En observant la chaîne de valeur de l’économie agricole en Suisse (cf. graphique), on se rend vite compte qu’au niveau des fournisseurs, de la transformation et de la vente au détail, les marchés sont caractérisés par un petit nombre de grands acteurs, souvent intégrés verticalement. En revanche, au niveau de la production agricole primaire, le marché est beaucoup plus fragmenté. Il se compose des 51 620 exploitations agricoles suisses (2017). Ces dernières, prises individuellement, sont donc beaucoup plus petites que les autres acteurs tout au long de la chaîne de valeur et ne font souvent pas le poids dans les négociations. Ainsi, une grande partie des transferts financiers en apparence destinés à la production agricole primaire – c’est-à-dire aux agriculteurs – finissent en fait par s’écouler en amont et en aval de la chaîne de valeur. Les paysans sont instrumentalisés par certains acteurs influents tout au long de la chaîne de production de valeur et jouent en quelque sorte le rôle «d’appât» pour les transferts financiers de l’Etat, dont ils ne retiennent au final qu’une faible part.

Il est important de prendre en considération toute la chaîne de valeur (propre représentation)

Contrairement au slogan diffusé par l’Union suisse des paysans (USP), la chaîne de valeur agricole ne commence pas avec la «fourche» pour terminer à la fourchette (consommateur). Mais, elle commence en amont de la production agricole primaire («la fourche») avec les fournisseurs qui mettent à disposition les intrants nécessaires à la production de biens agricoles.
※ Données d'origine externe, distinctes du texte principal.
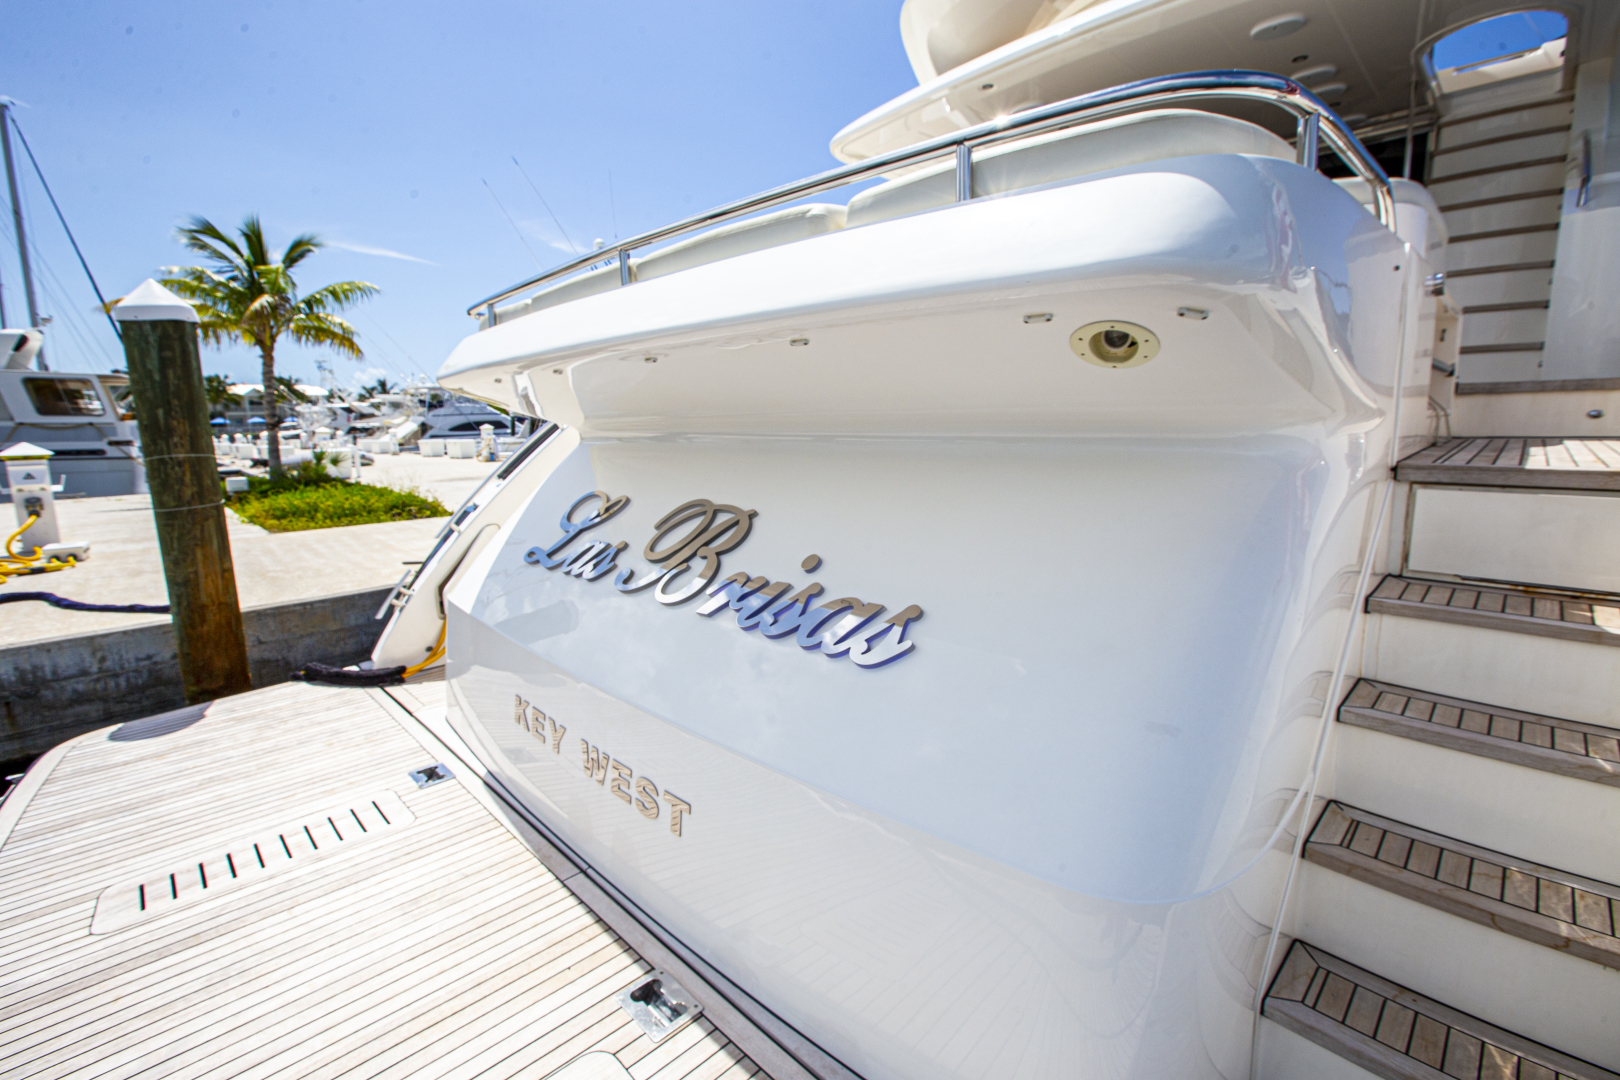 Viking Princess-V85 2009-Las Brisas Fort Lauderdale-Florida-United States-1365548 | Thumbnail

De nombreux exemples tendent à confirmer que la politique agricole suisse n’est pas seulement une «politique paysanne», mais bien une politique de «complexe agricole», puisqu’elle sert aussi aux acteurs en amont et en aval de la chaîne de valeur. Nous allons succinctement passer en revue les différents segments de la chaîne de valeur et citer quelques exemples.

Les fournisseurs

Les fournisseurs livrent les matériaux, infrastructures, machines et services (intrants) utiles à la production agricole. Il s’agit, entre autres, de l’importation, la fabrication et la vente de semences, d’herbicides, d’engrais, de machines agricoles et des services de construction, de recherche et de conseil.

Différentes entreprises se font concurrence sur les marchés de l’approvisionnement agricole, mais Fenaco est de loin l’entreprise incontournable sur ce marché. Derrière cette coopérative se cachent des dizaines d’entreprises fournissant des services aux agriculteurs, mais qui opèrent également en aval de la chaîne de valeur agricole.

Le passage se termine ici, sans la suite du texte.